Em 10 meses, três pessoas da mesma família morreram vítimas do novo coronavírus. Os óbitos foram de uma mãe e dois filhos. Em janeiro, o policial rodoviário federal Peregrino José de Lima, de 53 anos, irmão mais velho de Sérgio Silveira, também morreu vítima da doença. Em maio do ano passado, a matriarca da família, Josefa Silveira de Lima morreu aos 81 anos.

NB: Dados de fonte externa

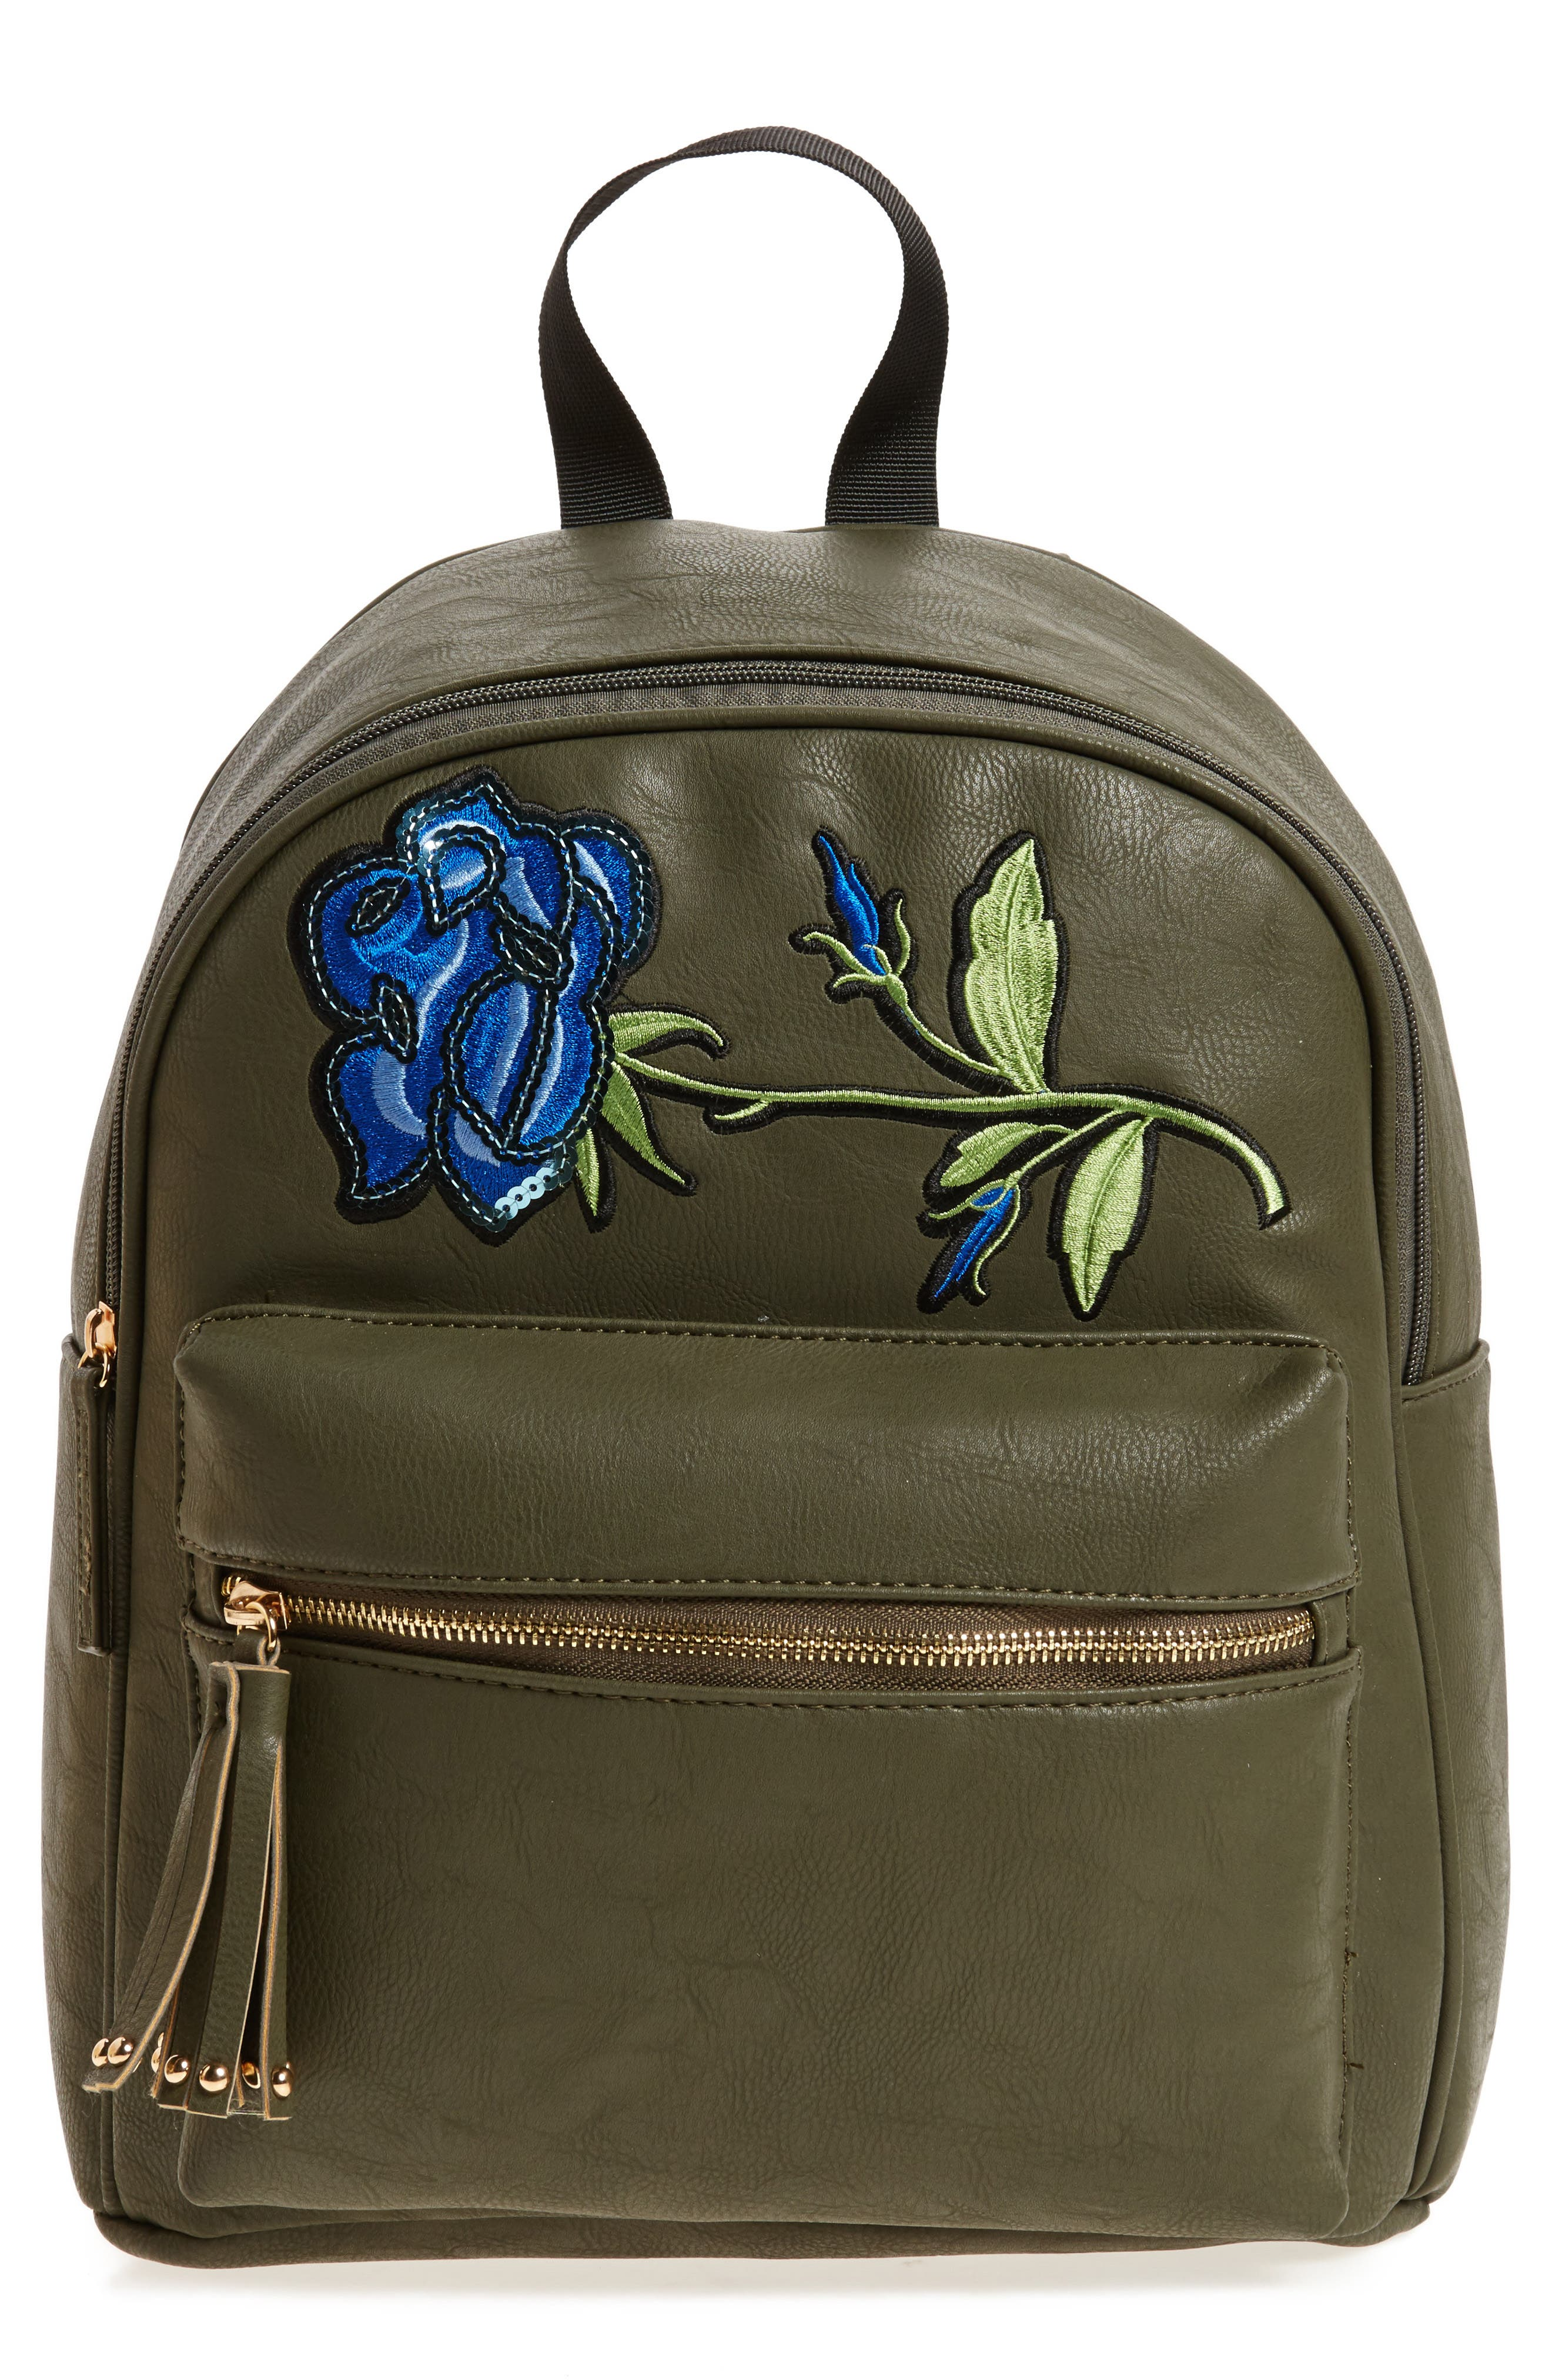 Sequin Rose Appliqué Faux Leather Backpack,                             Main thumbnail 1, color,                             Olive

“O Sérgio era um irmão muito atencioso, era carrancudo, não era de muito sorriso, mas o coração dele era gigante, paizão, inclusive, minha filha mais nova só chama ele de pai Sérgio. Ele gostava de cozinhar, teve uma padaria, confeitava um bolo como ninguém, depois passou no concurso do Iapen, era a vida dele, adorava fazer o que fazia. Generoso ao extremo”, relembra a imã Silzete Lima.

‘Tentando se reinventar’

Um homem religioso, Silveira era católico, de muita fé, como toda família que se agarra nesta esperança para superar as perdas dos últimos meses.

“Foram três quedas, uma atrás da outra. Hoje pela manhã fomos dar a notícia para o meu pai, porque quando ele faleceu, meu pai estava dormindo. A gente está tentando se reinventar, todo mundo com medo. Se antes a gente já tinha medo, agora redobrou, ninguém sai das suas casas. E entramos mais em oração, nessa hora, para tentar entender a situação”, fala.

Silveira foi enterrado nesta segunda-feira (1) perto da mãe e do irmão mais velho. Ele foi homenageado pelos colegas de trabalho, que fizeram um cortejo até o cemitério. o Corpo foi levado no carro do Corpo de Bombeiros.

Mas, mesmo em meio a dor, a família se agarra à fé e coragem do patriarca que aconselha que eles devem superar.

“Sereno, baixou a cabeça e disse: ‘olha, a gente não veio pra cá, para viver a vida inteira e quando o pai chama, a gente não pode questionar. Já é meu segundo filho, foi minha Zefinha, mas vou ter que superar.’ Ele pede para a gente superar porque são os desígnios de Deus e a gente não pode ir contra”, relembra Silzete sobre o conselho do pai.